Extracted data entries:
»»
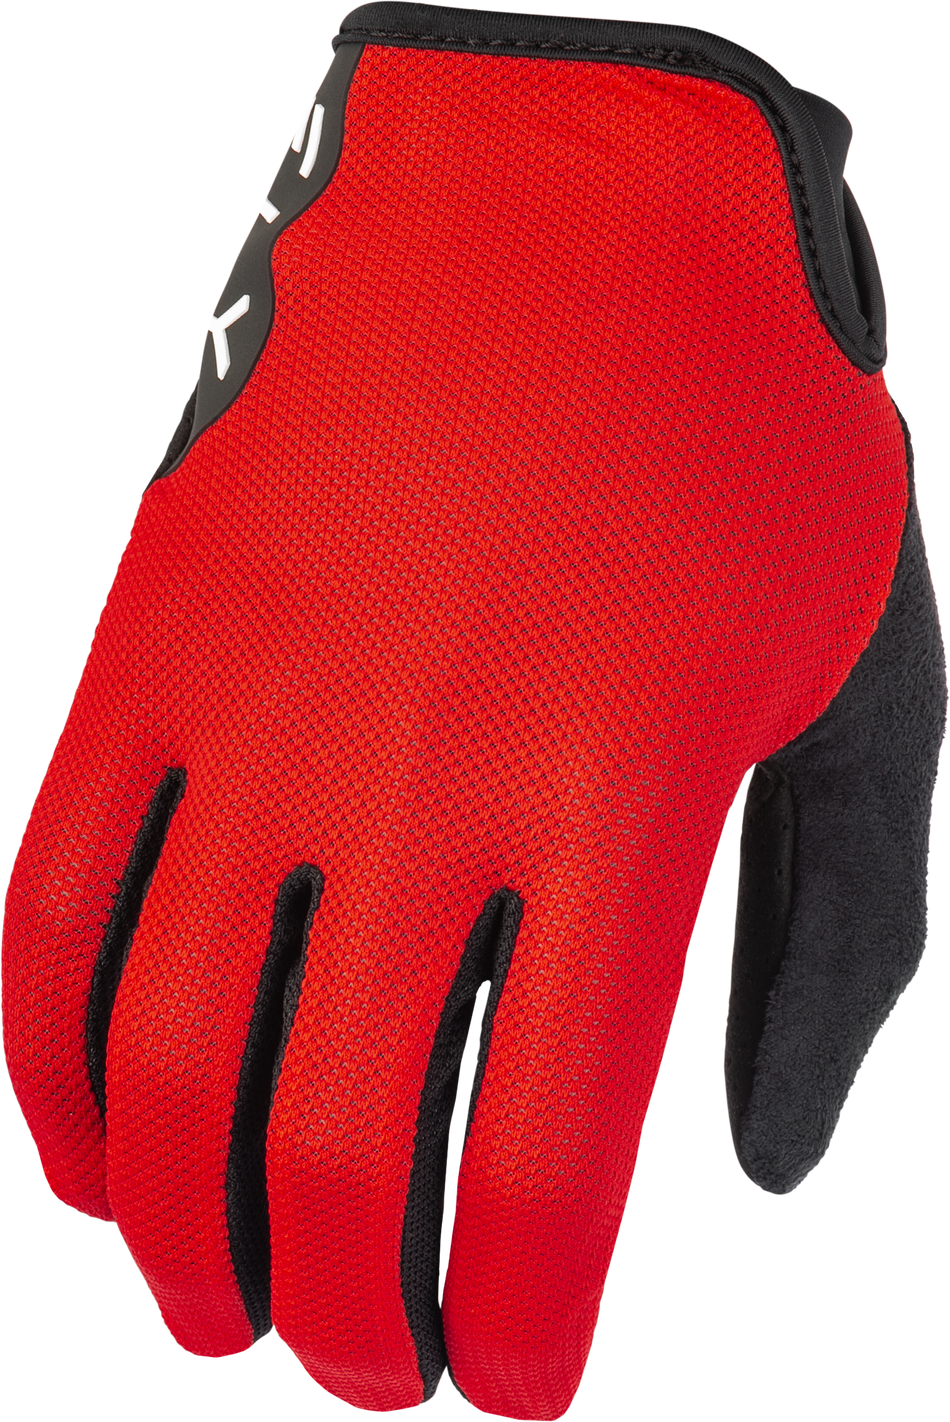 FLY RACING Mesh Gloves Red 3x 375-3373X
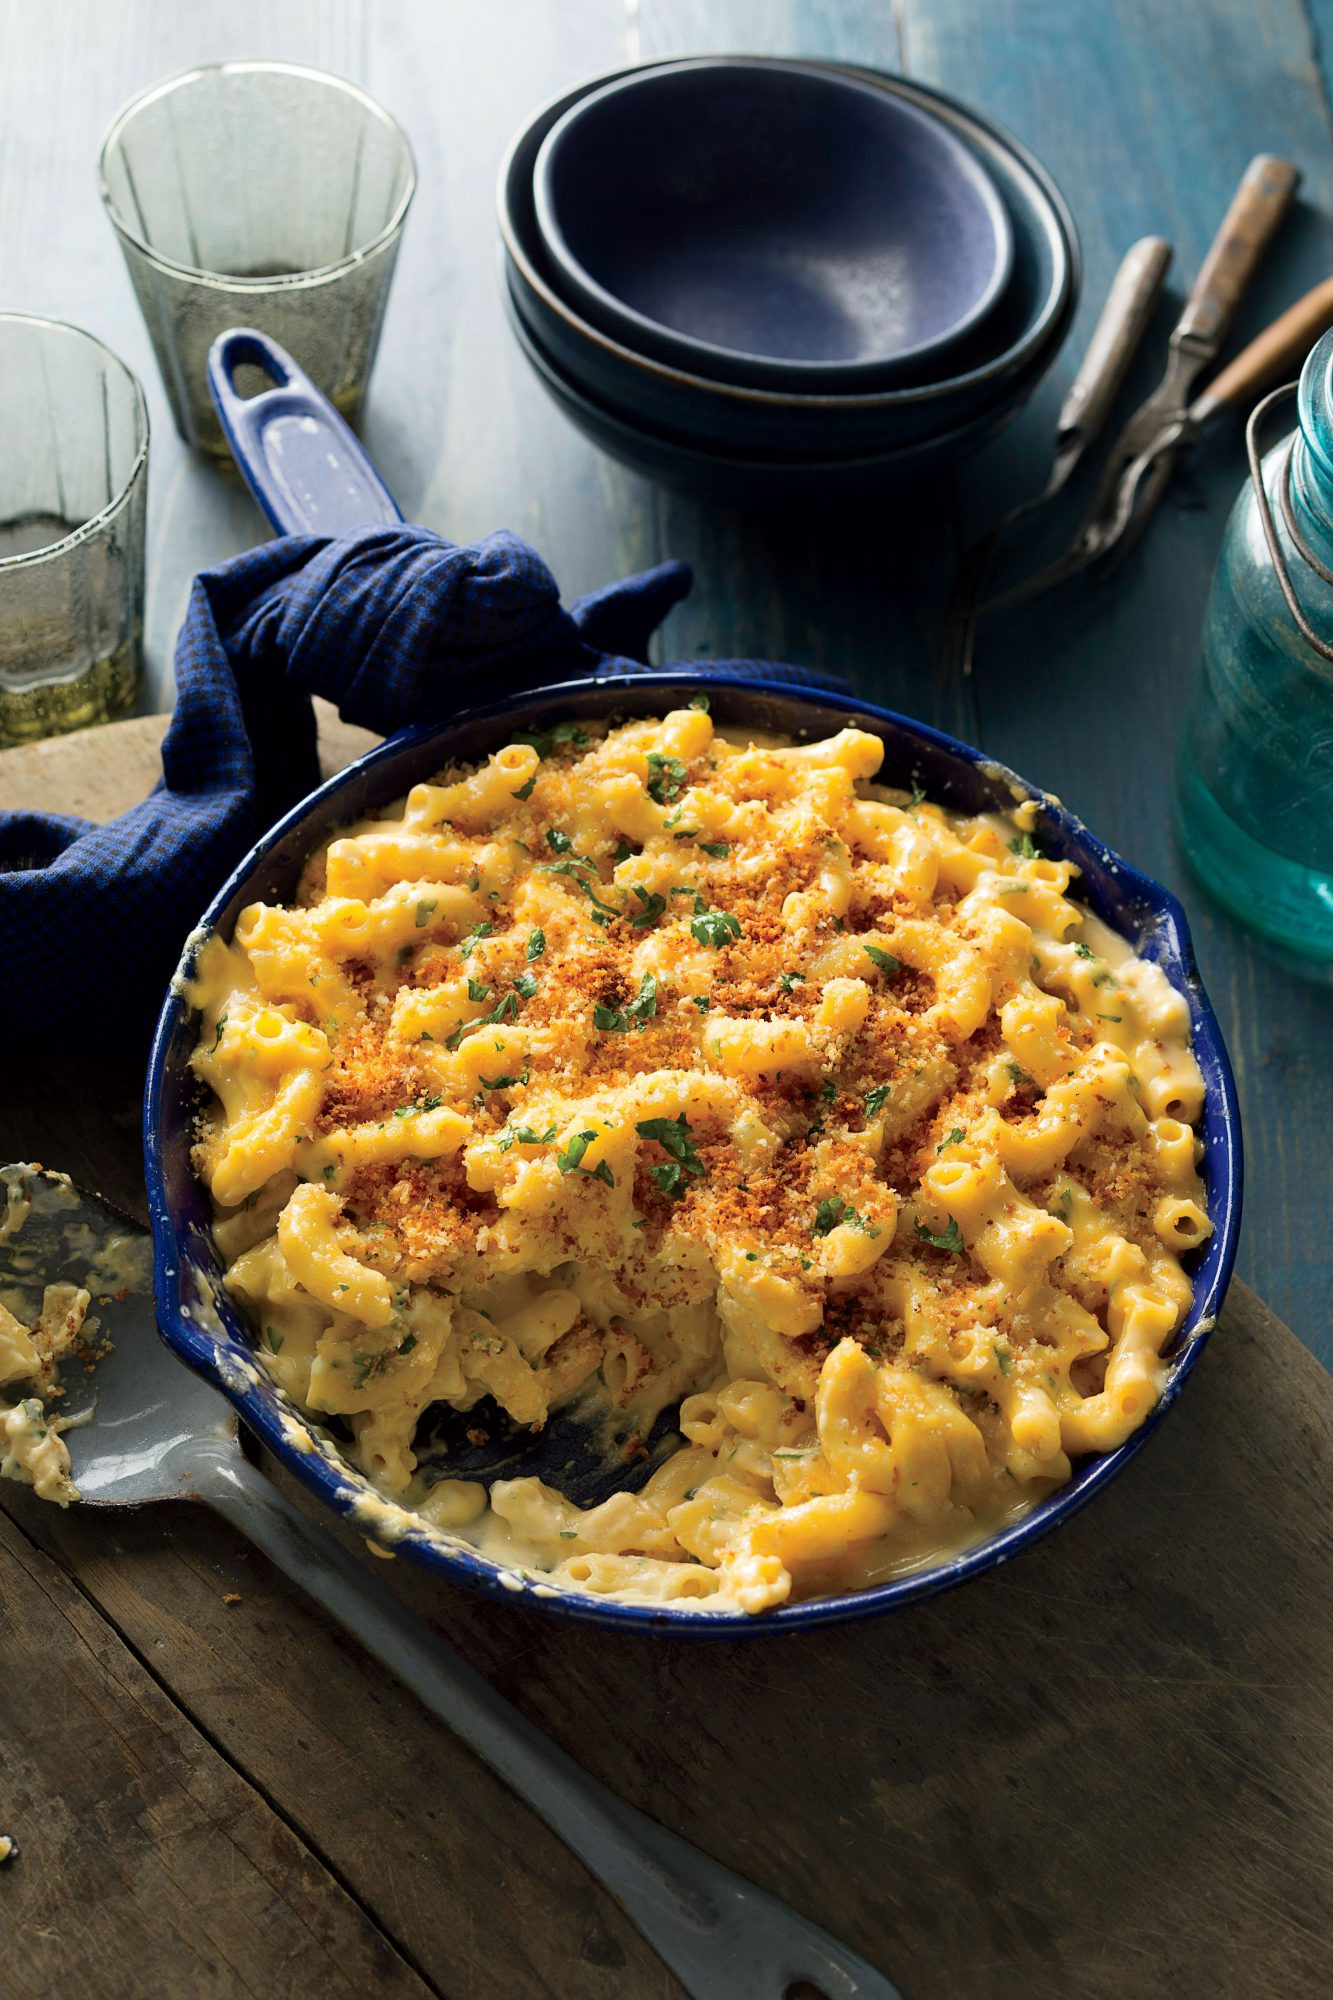 Southern Baked Macaroni And Cheese With Bread Crumbs
 Skillet Mac and Cheese with Crispy Breadcrumbs Recipe
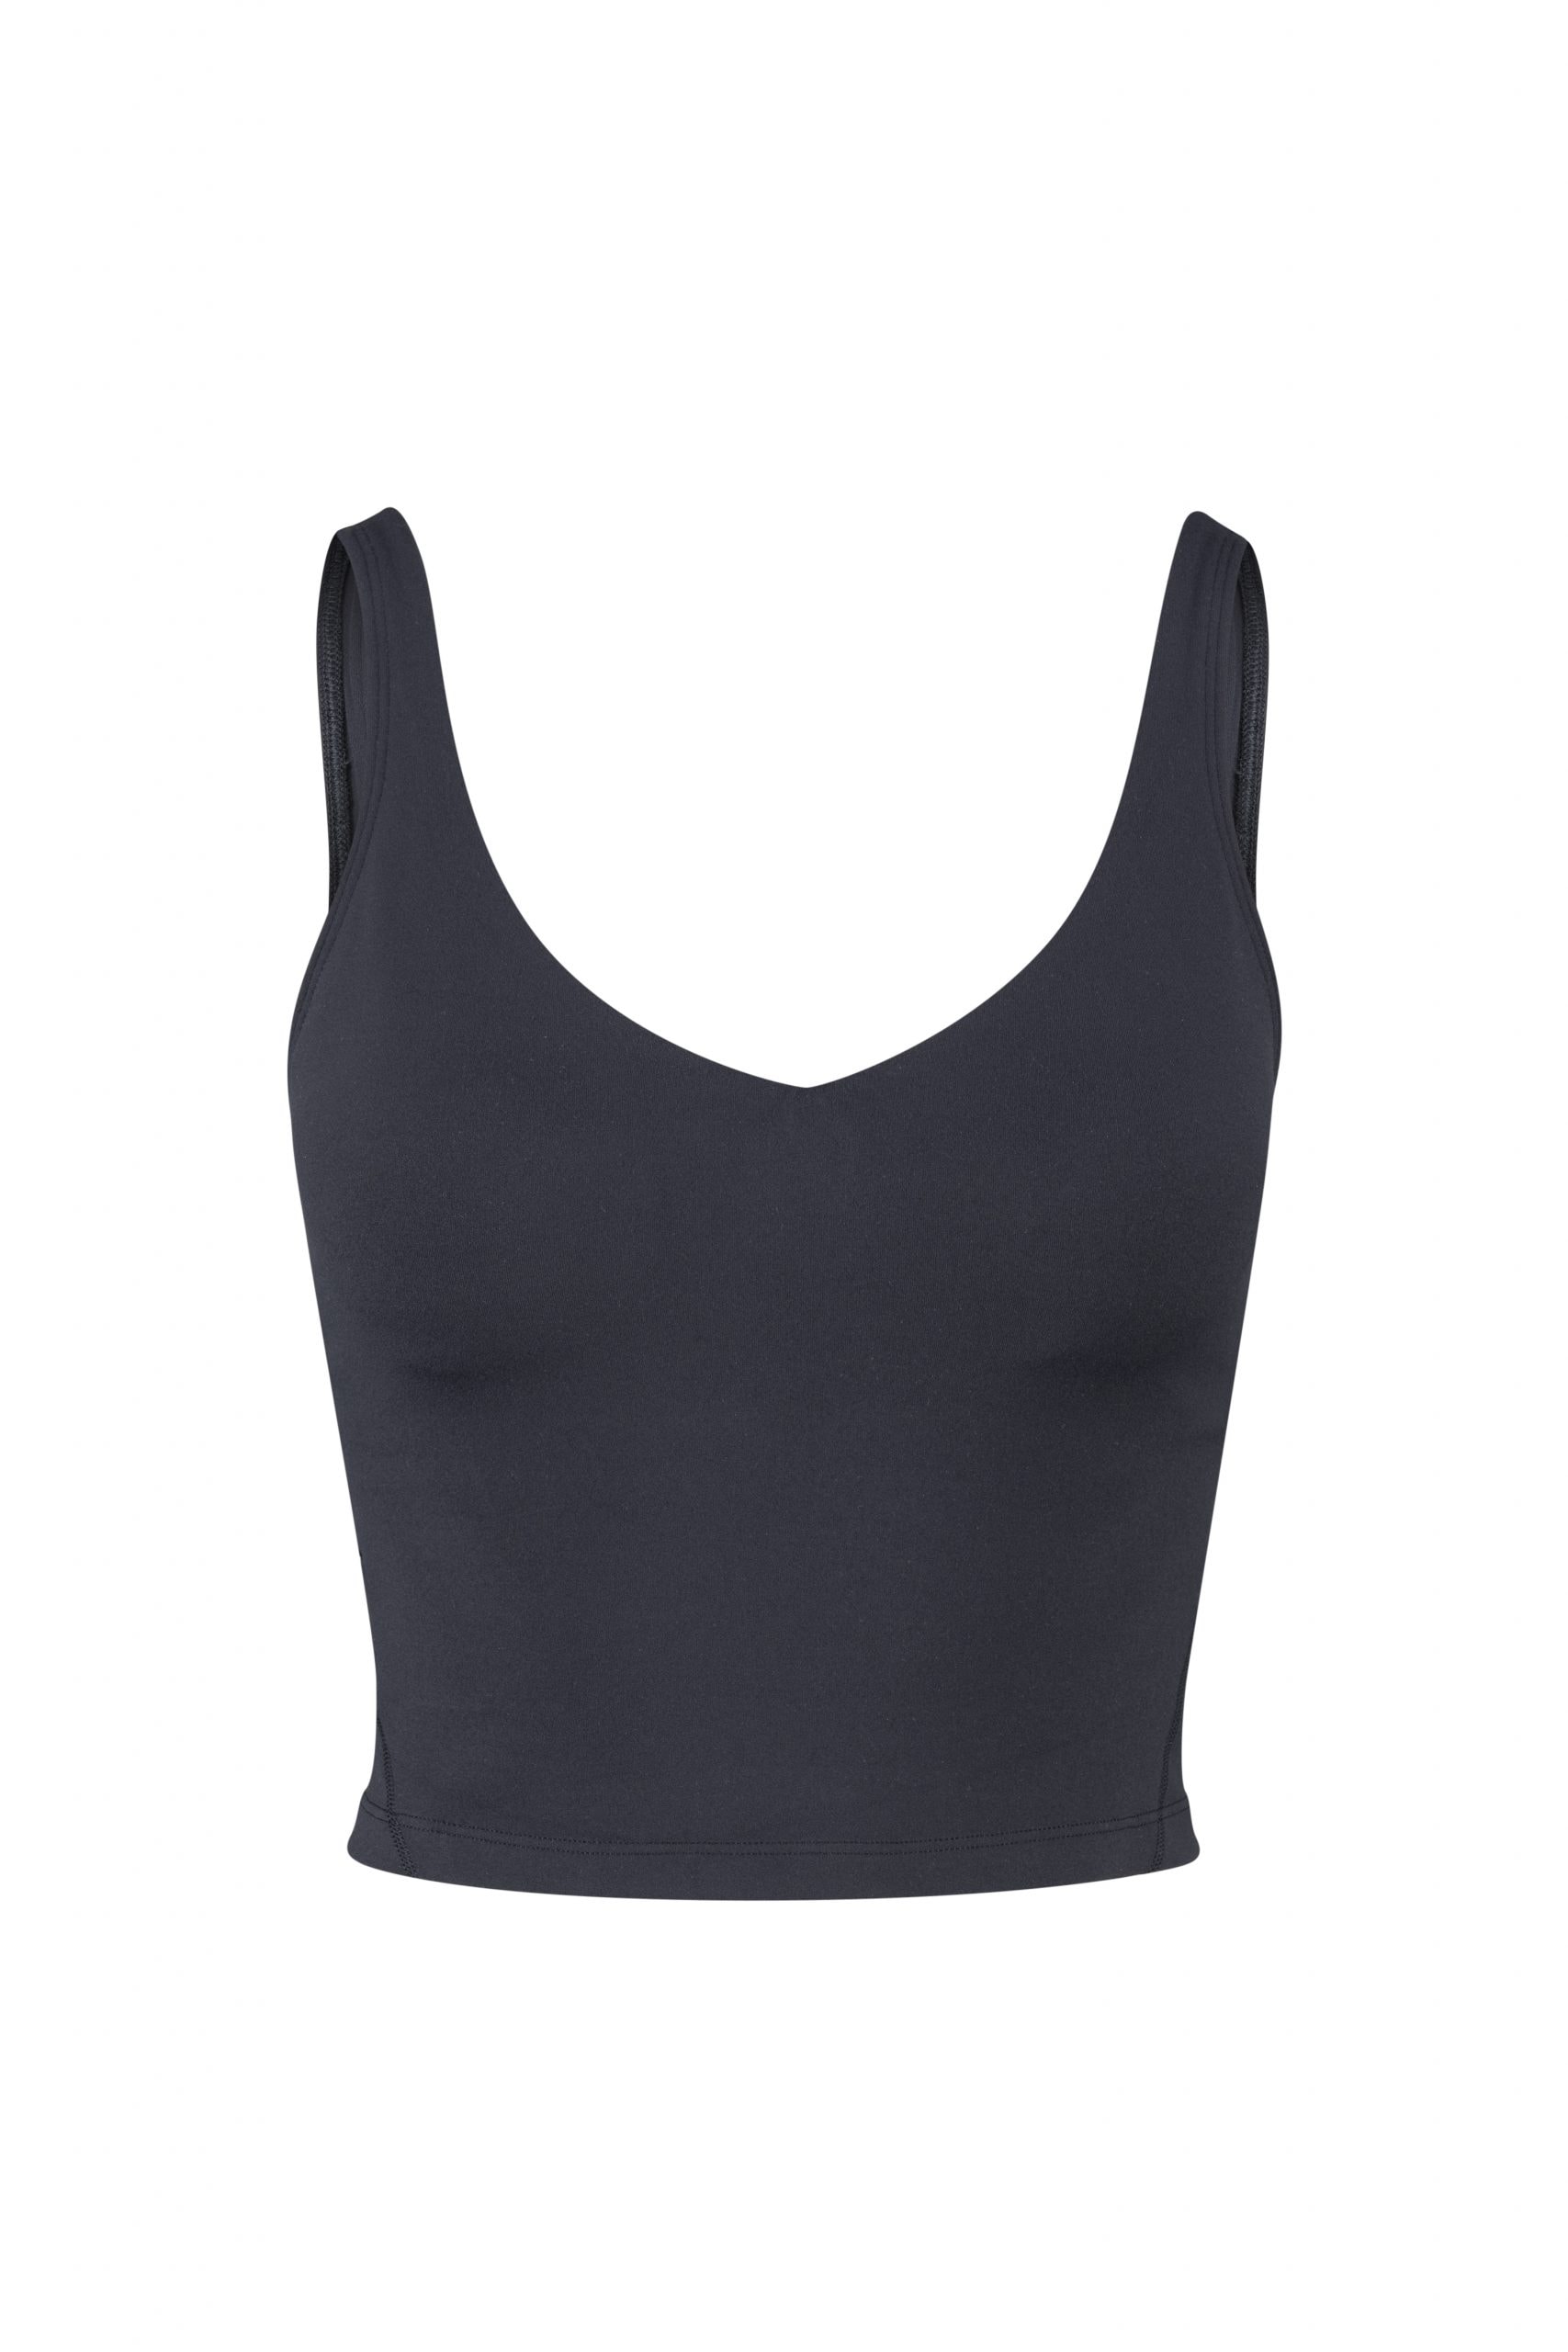  Lululemon Align™ Collection Get into it
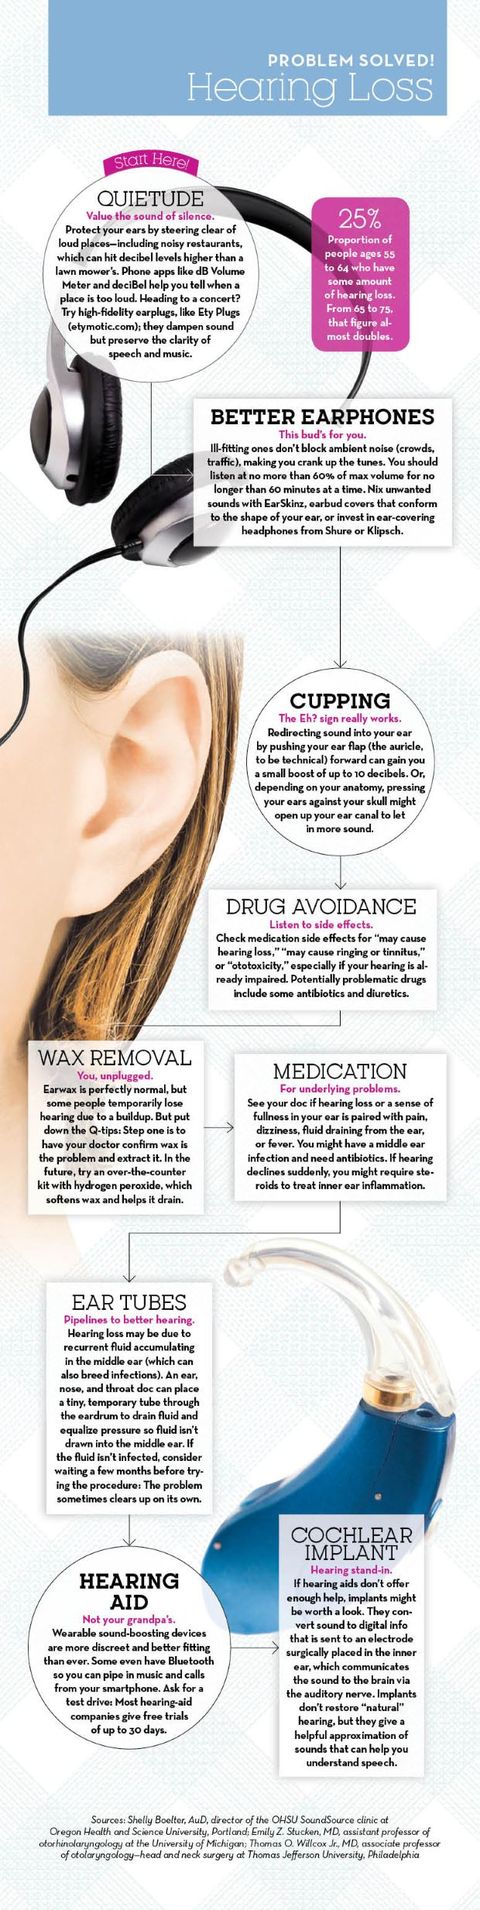 Infographic: Hearing Loss
««
◆ WHAT IS EXPECTED ◆
Output the whole of the data, unchanged; keep the pictures out.

◆ RESULT FOR THIS EXERCISE ◆
 FLY RACING Mesh Gloves Red 3x 375-3373X
 Southern Baked Macaroni And Cheese With Bread Crumbs
 Skillet Mac and Cheese with Crispy Breadcrumbs Recipe
  Lululemon Align™ Collection Get into it
 Infographic: Hearing Loss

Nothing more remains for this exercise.